The case, University of Louisville v. Duke University, No. 07-CI-1765, filed in Franklin (county) circuit court, sought $450,000 in damages. The amount was derived from a contractual cancellation penalty clause of $150,000 per game if the nonbreaching party is unable to schedule a replacement game with a “team of similar stature." According to the article, Duke asked Louisville to attempt a good faith effort to find a replacement opponent and promised to pay Louisville only if the school could not find one. Louisville claims it could not do so and therefore asked for the liquidated damages.

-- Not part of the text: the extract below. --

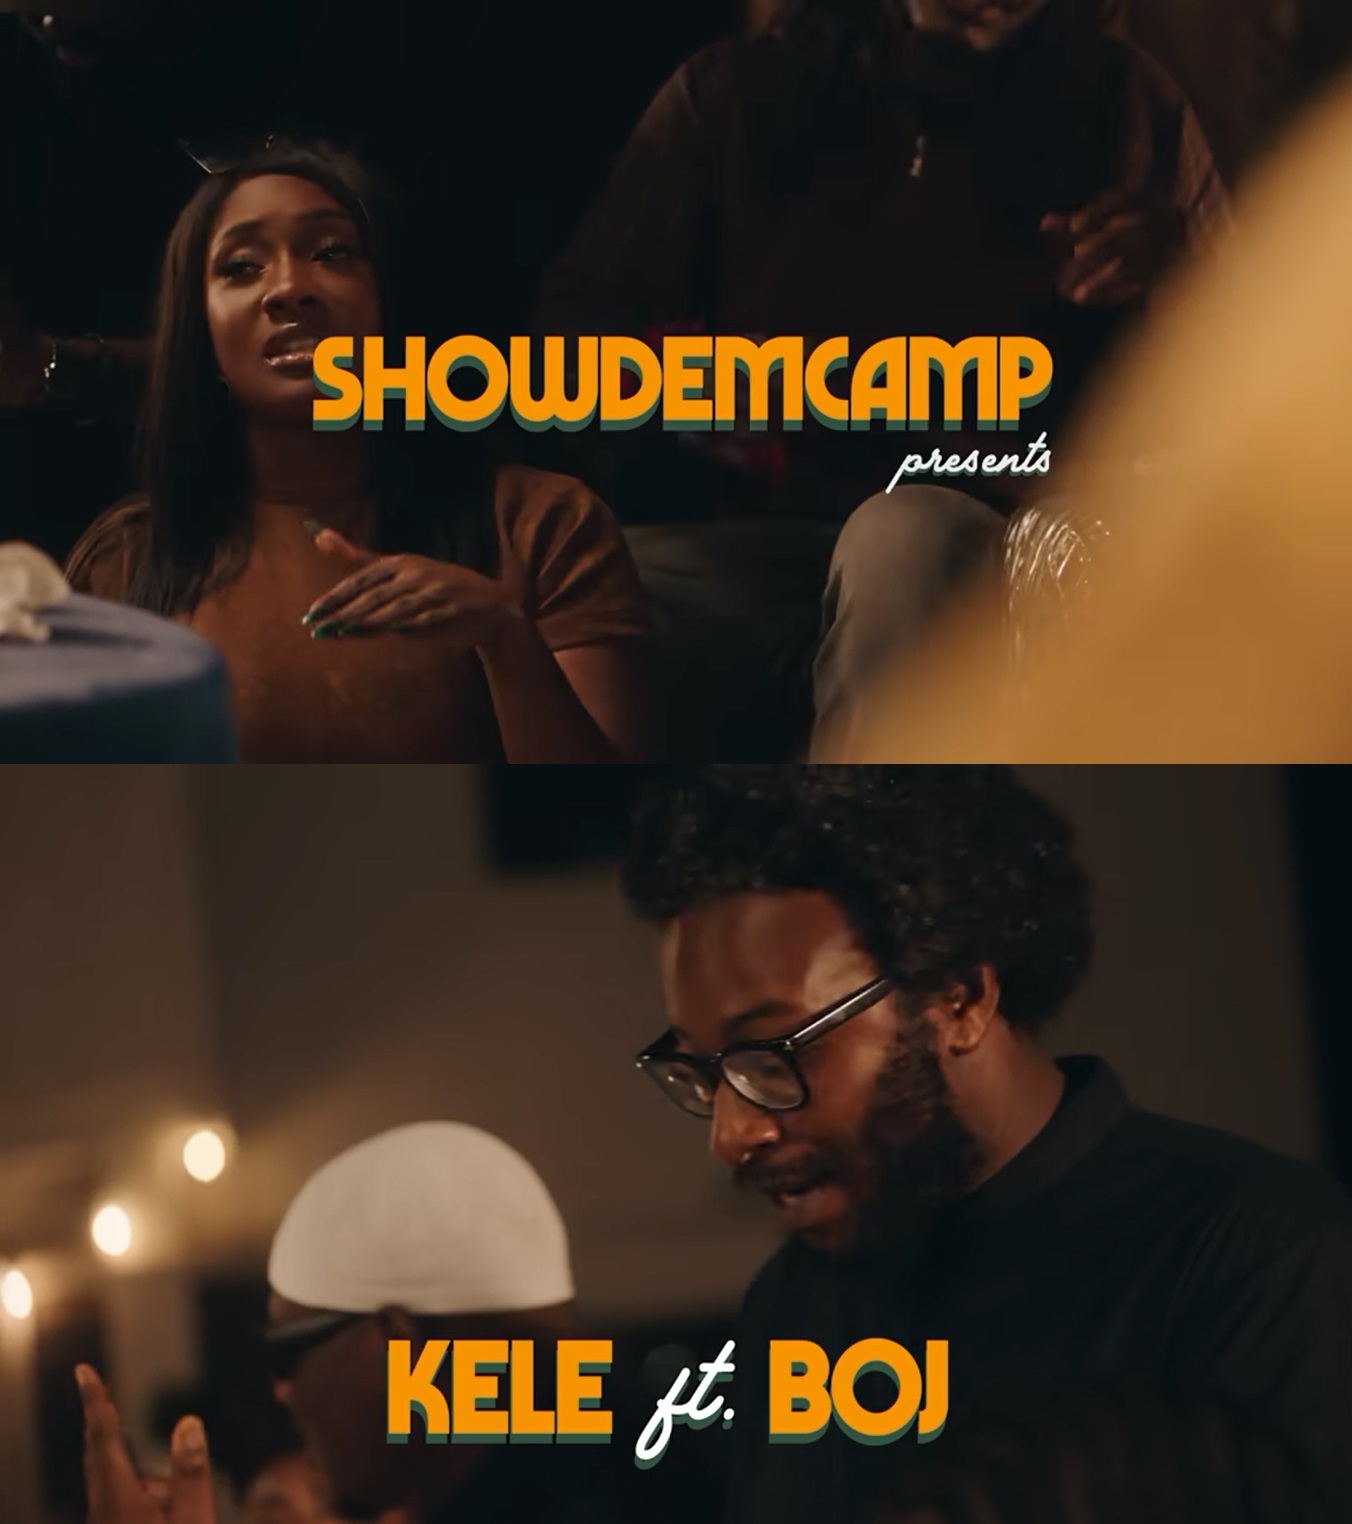 Show Dem Camp Unveils &Quot;Kele&Quot; Music Video Featuring Boj From Palmwine Music 3 Series, Yours Truly, News, October 4, 2023

It is in interpreting "team of similar stature" where Duke's lack of success helped. Judge Phillip J. Shepherd agreed with Duke’s argument that it team was so bad that finding a replacement team of "similar stature" should have been a slam dunk (pardon the bad pun). As the opinion noted:
"To say that one thing is “of a similar stature” to another is to say that
the two are on the same level. Nothing in the language of the agreement
suggests that it is necessary or appropriate to conduct an in-depth
analysis of the relative strengths and weaknesses of the breaching team
and its potential replacements. Nor does the agreement specify that
replacement teams must be from a particular major athletic
conference or even a particular division of the National Collegiate Athletic
Association (NCAA). The term “team of similar stature” simply means any team
that competes at the same level of athletic performance as the Duke football
team. At oral argument, Duke (with a candor perhaps more attributable to
good legal strategy than to institutional modesty) persuasively asserted
that this is a threshold that could not be any lower. Duke's argument
on this point cannot be reasonably disputed by Louisville.
Louisville did find substitute teams and the court rejected the claim that the term "similar stature" was ambiguous. According to Shepherd, finding a suitable replacement literally meant that any NCAA Division I team would suffice – including those in the Football Championship Subdivision (formerly known as Division I-AA.) Therefore, the court granted summary judgment for Duke for the 2007 and 2008 season, but did not consider the 2009 season since the claim lacked ripeness.
Imagine, however, if Duke was a more competitive football team. Then the substitution clause would be more difficult to fulfill. Or, in a legal nightmare scenario, imagine that Duke's football team was as good as its men's basketball team! Needless to say, substation would be far more difficult.
[Note: I would like to thank reporter C.L. Brown and the Louisville Courier-Journal, who giving me access to the opinion.]